2 files changed, 12 insertions, 2 deletions
diff --git a/client/changes/bug_cutoff-chardet-guessing b/client/changes/bug_cutoff-chardet-guessing
new file mode 100644
index 00000000..9535a413
--- /dev/null
+++ b/client/changes/bug_cutoff-chardet-guessing
@@ -0,0 +1 @@
+- Fallback to utf-8 if confidence on chardet guessing is too low.
diff --git a/client/src/leap/soledad/client/api.py b/client/src/leap/soledad/client/api.py
index 88bb4969..b8409cbe 100644
--- a/client/src/leap/soledad/client/api.py
+++ b/client/src/leap/soledad/client/api.py
@@ -416,6 +416,10 @@ class Soledad(object):
         :return: A deferred whose callback will be invoked with a document.
         :rtype: twisted.internet.defer.Deferred
         """
+        # TODO we probably should pass an optional "encoding" parameter to
+        # create_doc (and probably to put_doc too).
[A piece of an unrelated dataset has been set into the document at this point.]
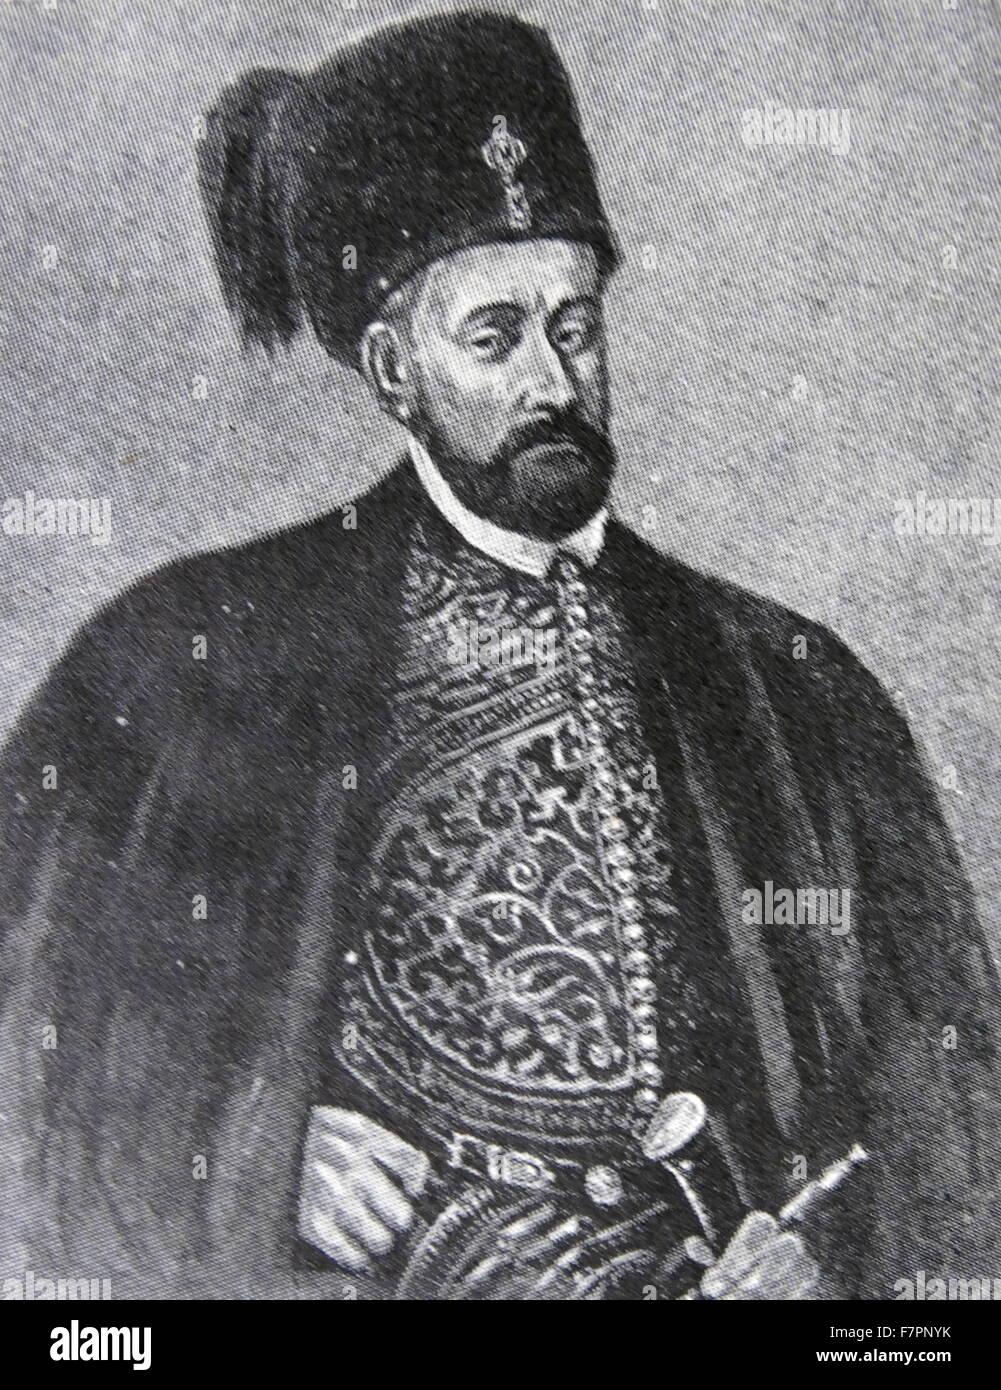 Portrait of Stephen Báthory (1533-1586) Voivode of Transylvania, Prince of Transylvania, from 1576 Queen Anna - Stock Image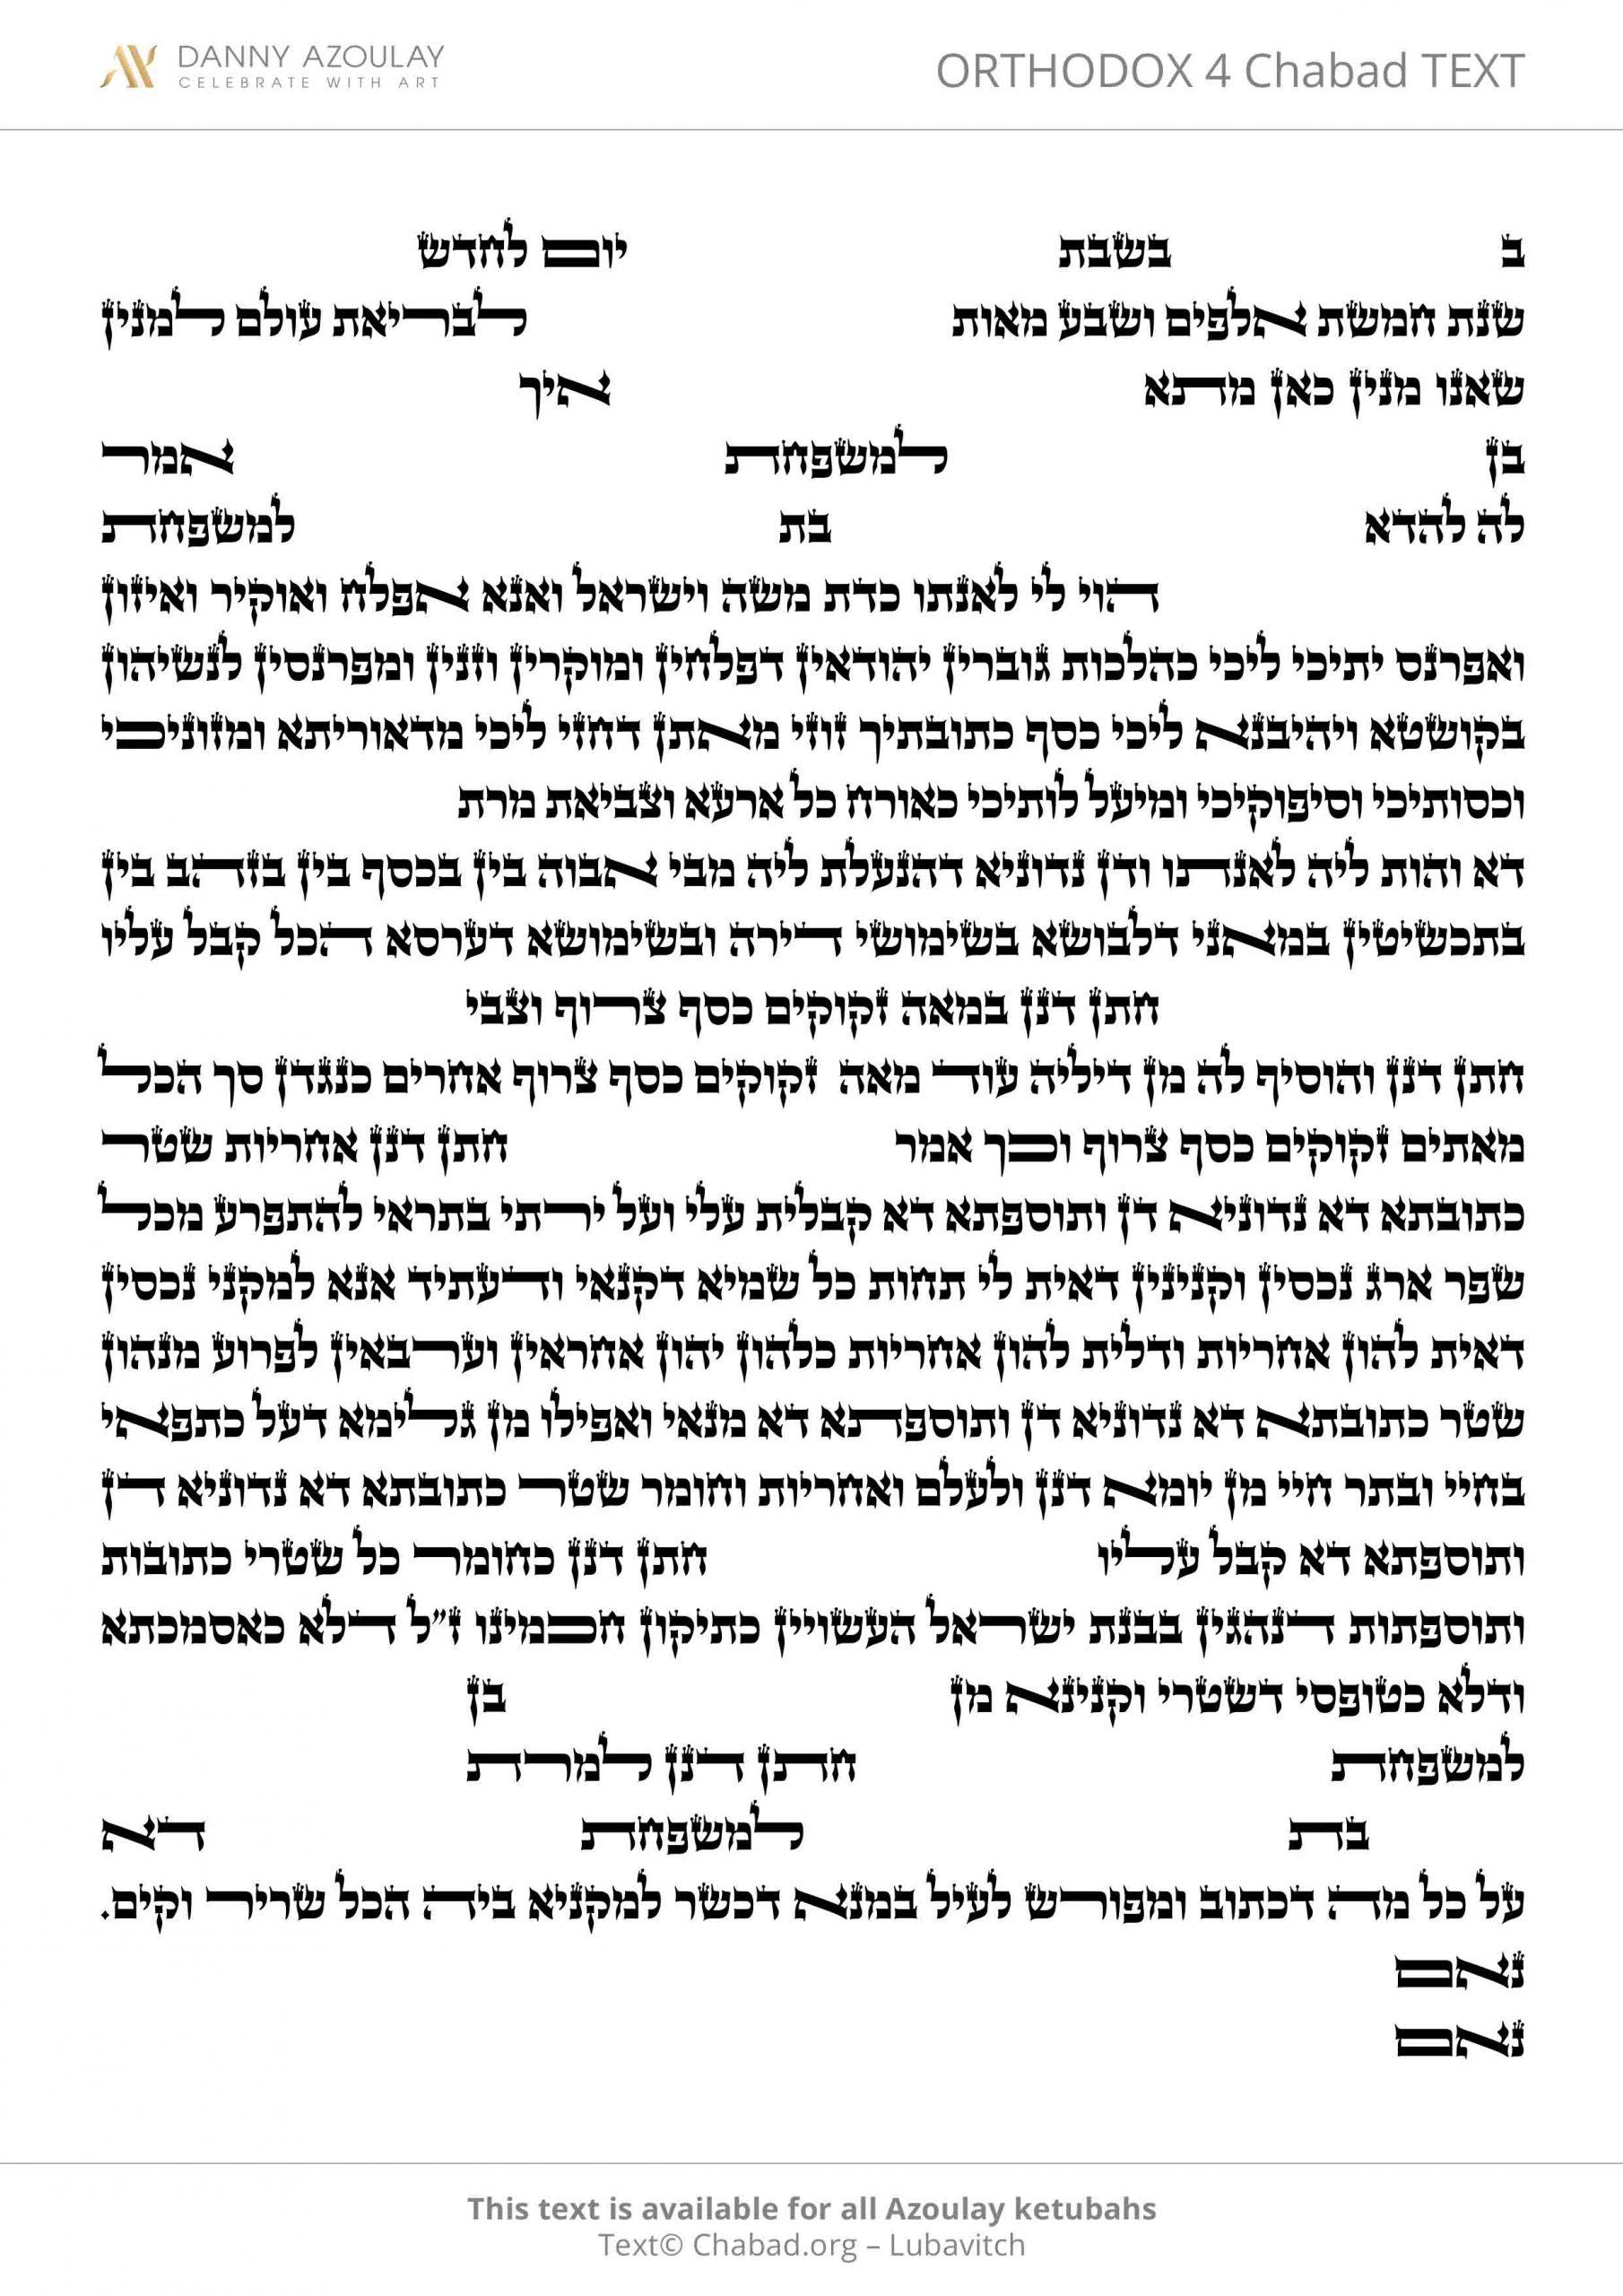 Orthodox Text 4

There are cases (mail
+        # payloads for example) in which we already have the encoding in the
+        # headers, so we don't need to guess it.
         return self._defer(
             "create_doc", _convert_to_unicode(content), doc_id=doc_id)
 
@@ -803,12 +807,17 @@ def _convert_to_unicode(content):
 
     :rtype: object
     """
+    # Chardet doesn't guess very well with some smallish payloads.
+    # This parameter might need some empirical tweaking.
+    CUTOFF_CONFIDENCE = 0.90
+
     if isinstance(content, unicode):
         return content
     elif isinstance(content, str):
+        encoding = "utf-8"
         result = chardet.detect(content)
-        default = "utf-8"
-        encoding = result["encoding"] or default
+        if result["confidence"] > CUTOFF_CONFIDENCE:
+            encoding = result["encoding"]
         try:
             content = content.decode(encoding)
         except UnicodeError as e: